# [Instructions to follow]
What is needed is an exact copy of the lines in the entries below from the one holding "Convertible Tv Console And Bookcase in White" through the one holding "Hollywood 6 inch", pictures excluded.

# [Information provided]
+ + + +

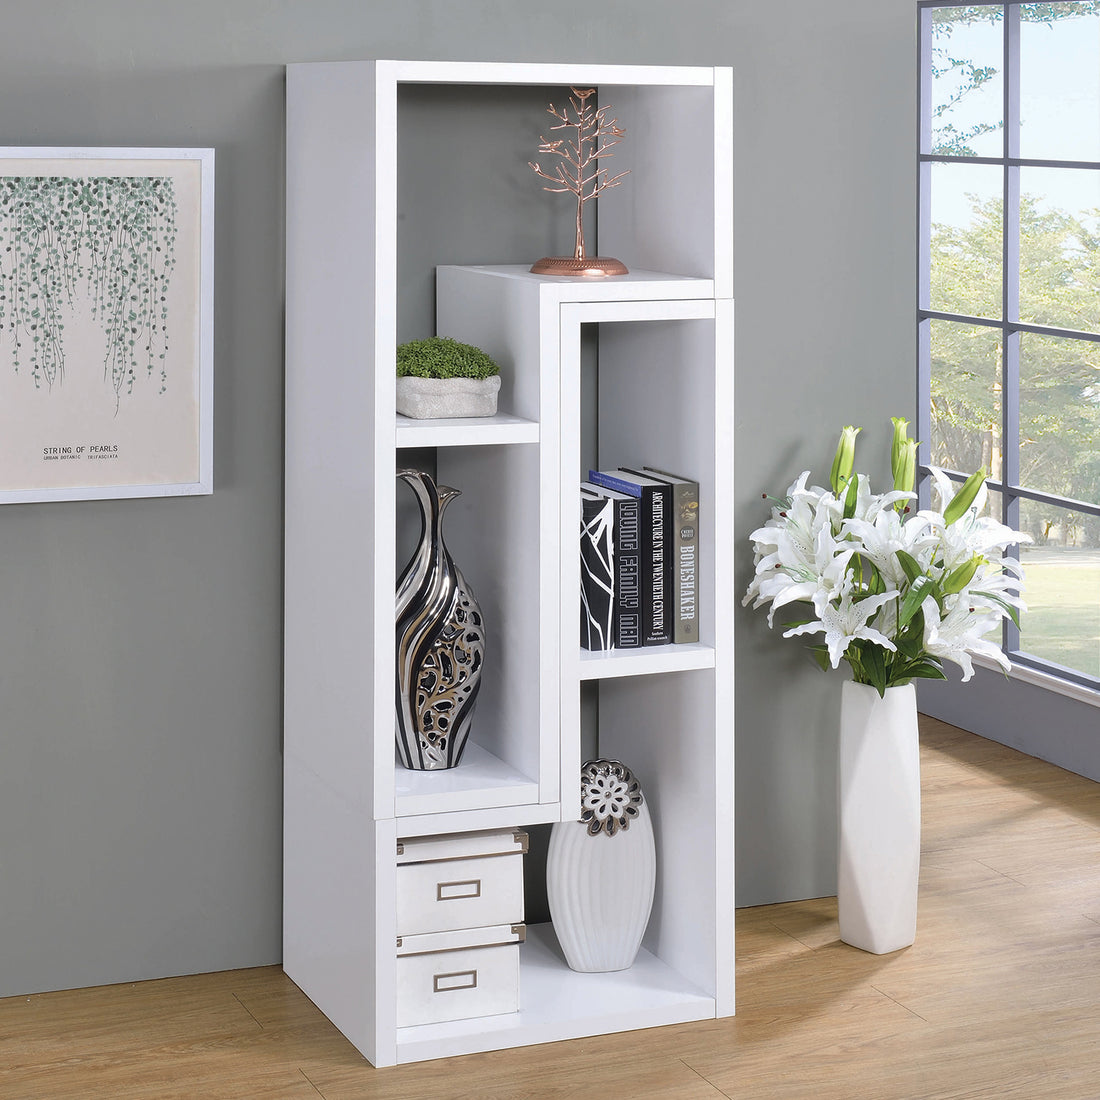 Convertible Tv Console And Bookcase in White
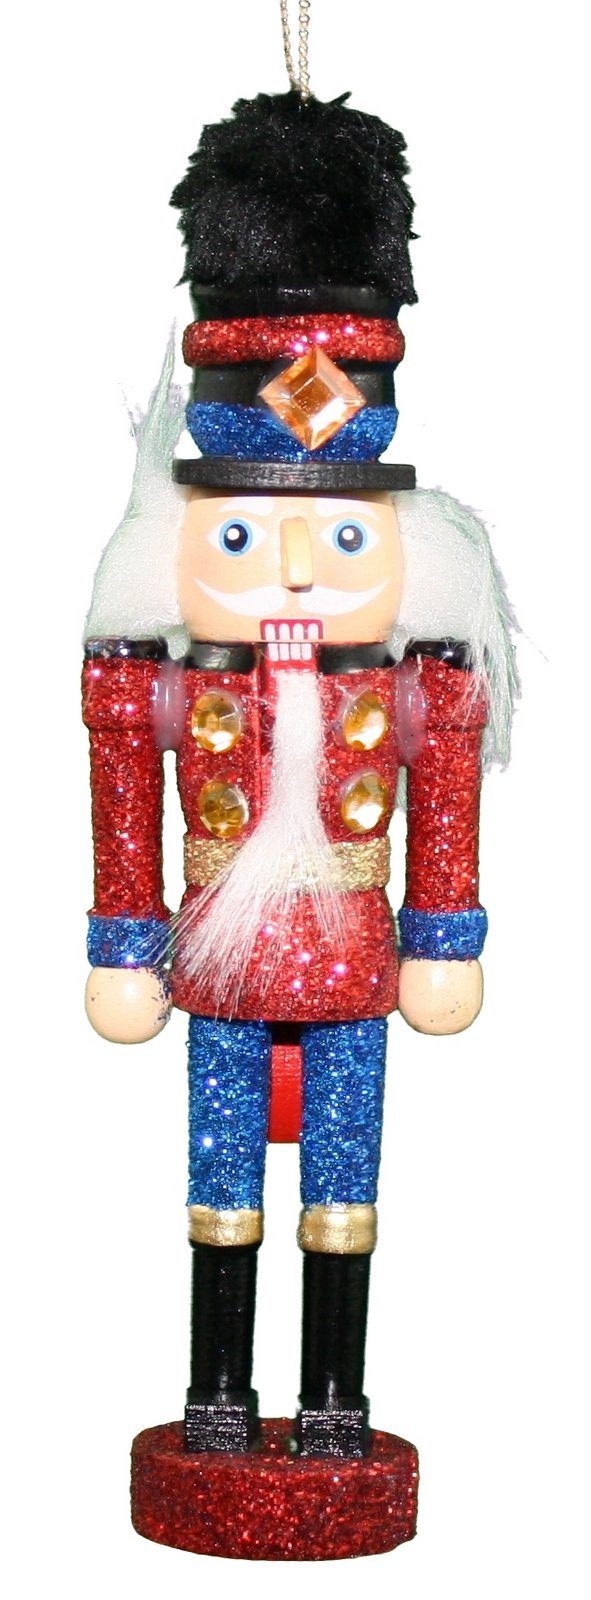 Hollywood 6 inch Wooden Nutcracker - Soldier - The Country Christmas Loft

+ + + +

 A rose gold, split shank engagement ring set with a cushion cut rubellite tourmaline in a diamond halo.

+ + + +

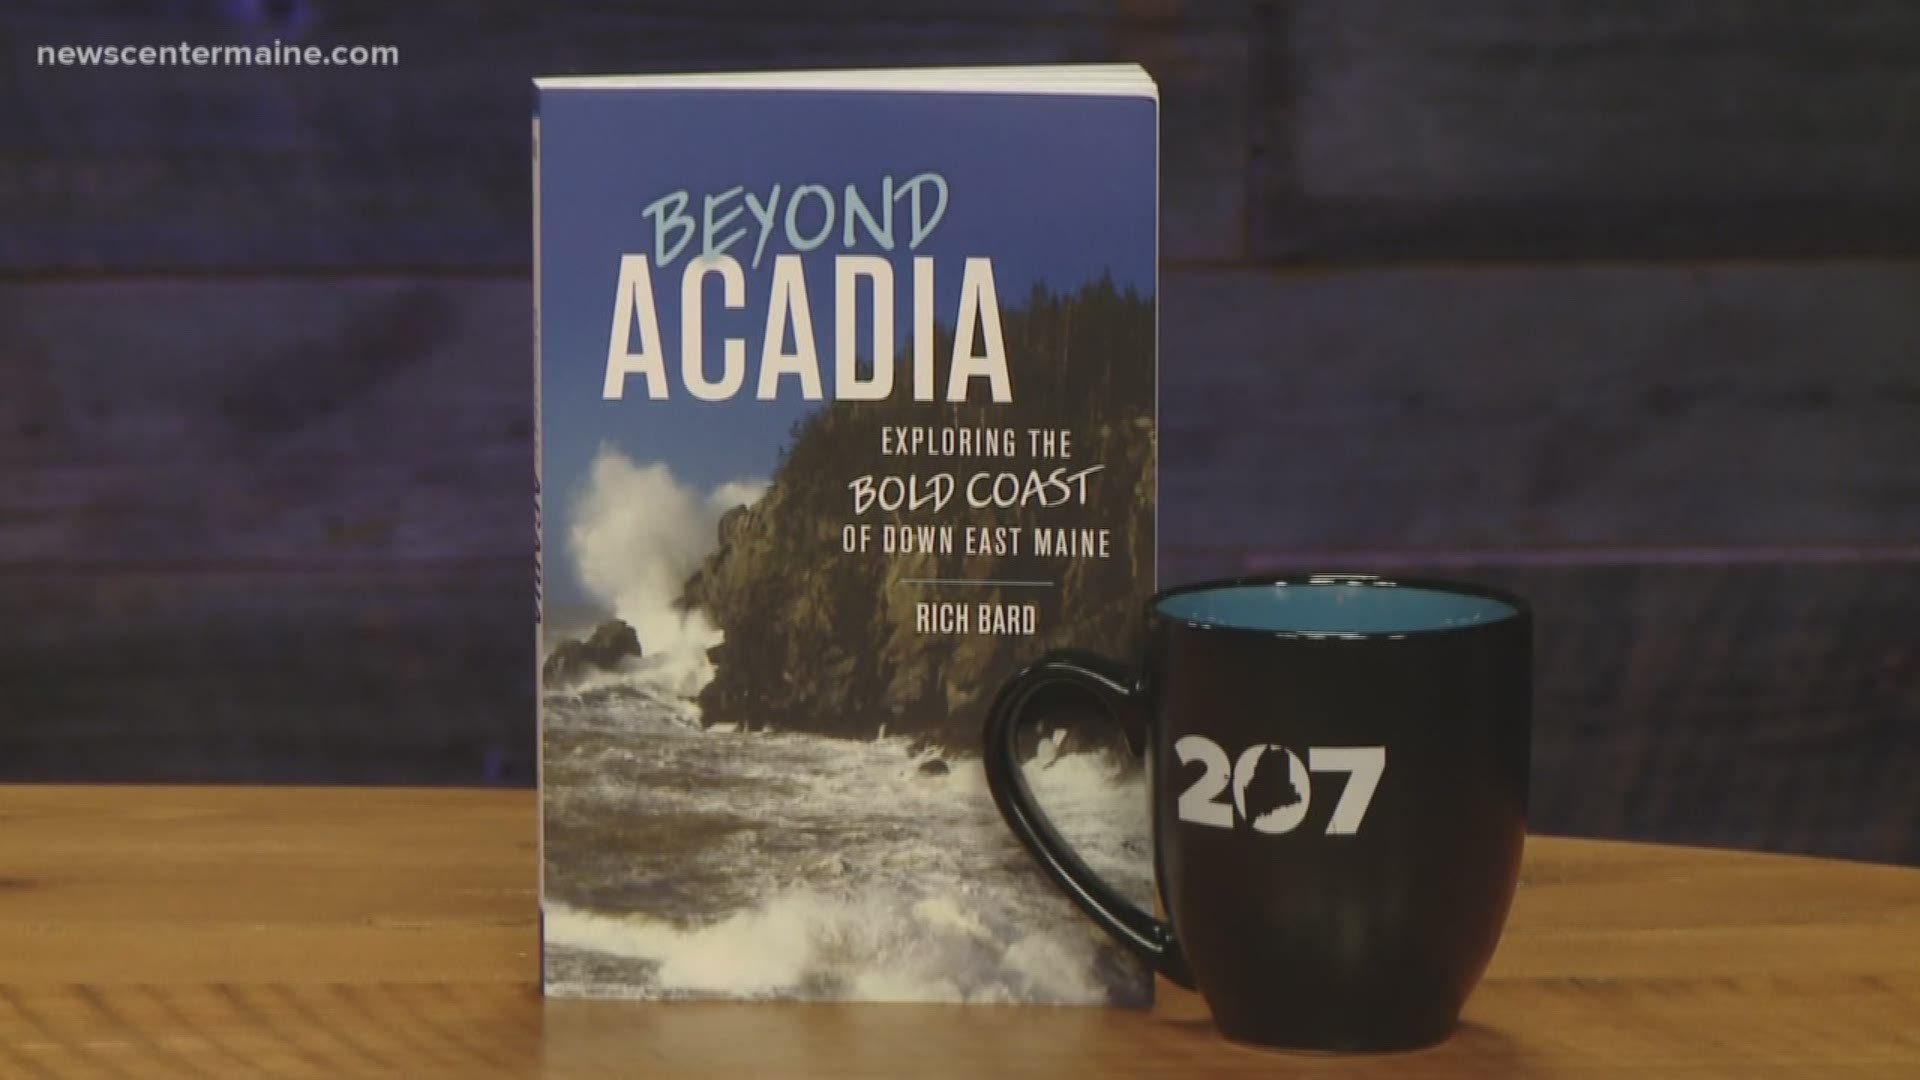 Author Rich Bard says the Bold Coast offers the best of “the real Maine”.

+ + + +

# [Final answer]
 Convertible Tv Console And Bookcase in White
 Hollywood 6 inch Wooden Nutcracker - Soldier - The Country Christmas Loft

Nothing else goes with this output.